Ever wonder why mirrors can make a room feel so much larger than it really is? Mirrors are so common that we rarely think of how intriguing they really are. They somehow take the three-dimensional world we live in and reproduce it so perfectly that we are subconsciously fooled into perceiving that another 3-D space exists beyond the mirror's surface. We know, of course, that this is just an illusion. But how do our brains get tricked by reflections? A simple activity with a candle will demonstrate some of the ways our brains get fooled.

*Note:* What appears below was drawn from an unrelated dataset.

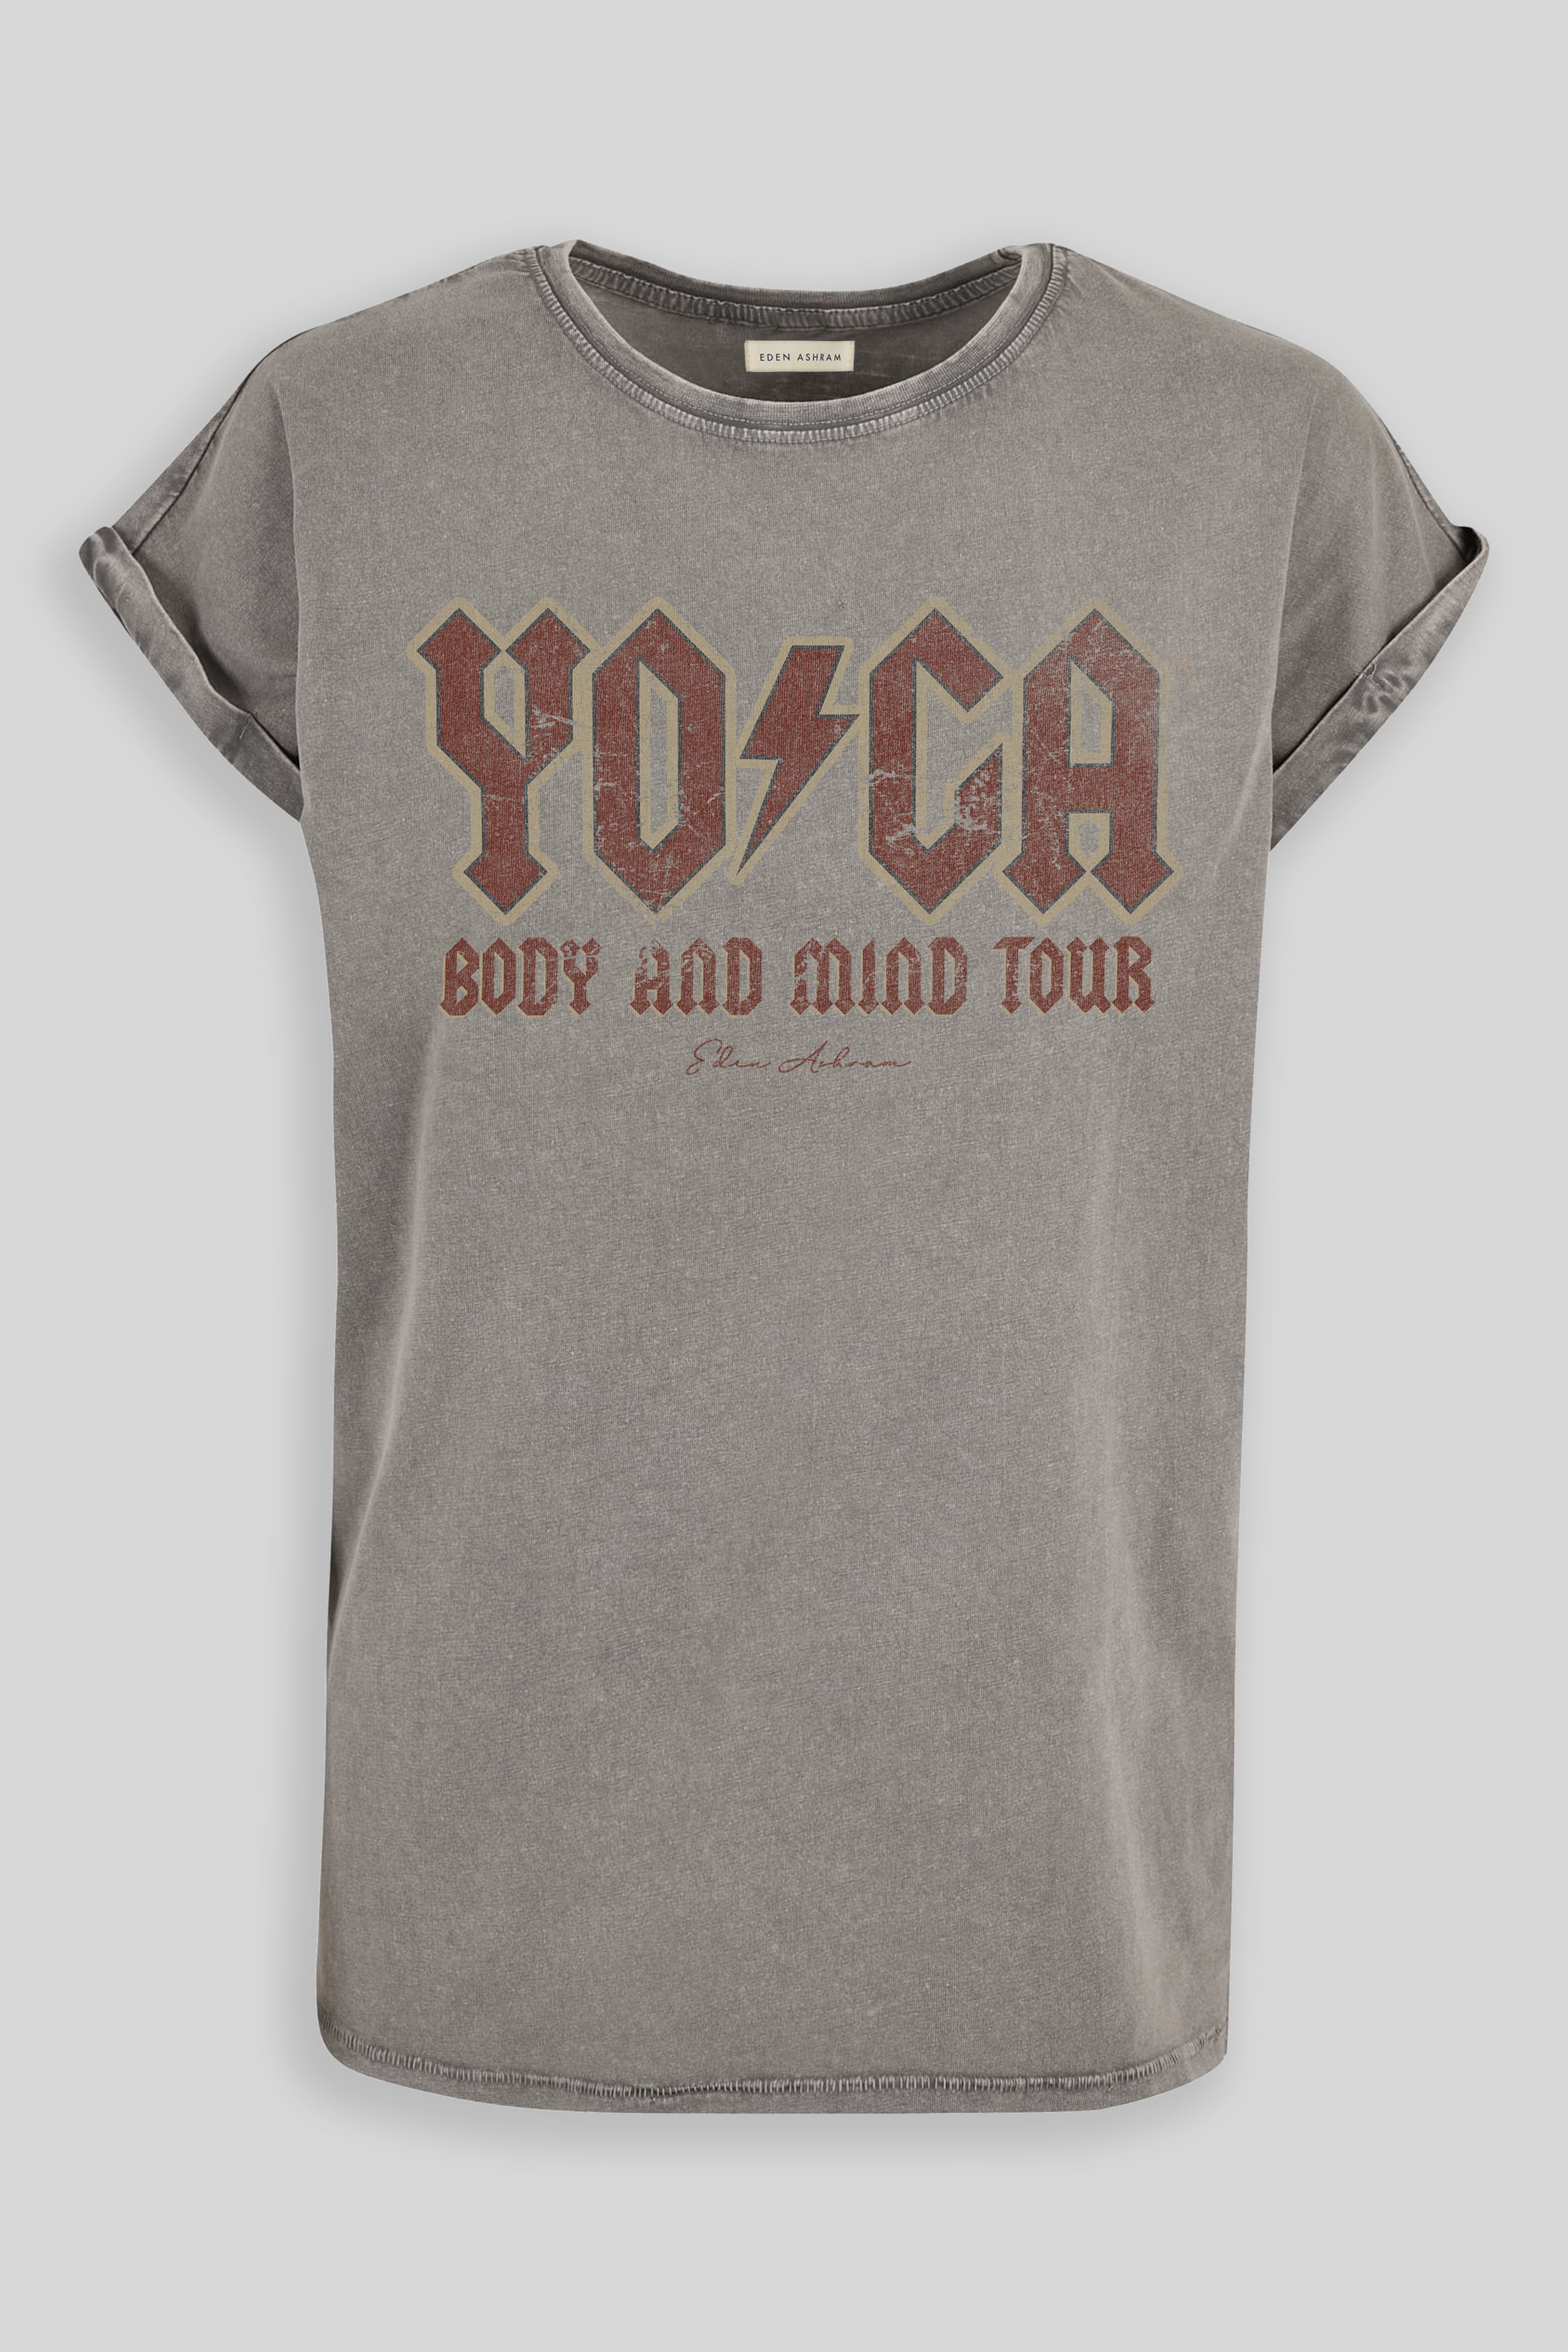 EDEN ASHRAM YOGA Tour Premium Relaxed Boyfriend T-Shirt Acid Wash Grey

Visible objects fall into two general categories: luminous objects (such as your computer monitor) that emit their own light and illuminated objects (your keyboard, for instance) that reflect light emitted by other sources. Your eyes see objects by detecting either emitted or reflected light, and under most circumstances that light has to reach your eyes by traveling in a straight line. In other words, you usually need an unobstructed line of sight between yourself and any object you intend to view.
Mirrors and other highly reflective surfaces present a common exception to this rule. Most mirrors are made by layering a reflective metal backing behind a sheet of clear glass. Because the backing is so reflective, it provides an "image" (an apparent reproduction of visible objects). This sort of image can be deceptive because its apparent location doesn't match up with the actual, physical location of the object creating that image. Consider an image of a chair that you see in a mirror versus the real chair that you can see in the actual room if you have a direct line of sight to it.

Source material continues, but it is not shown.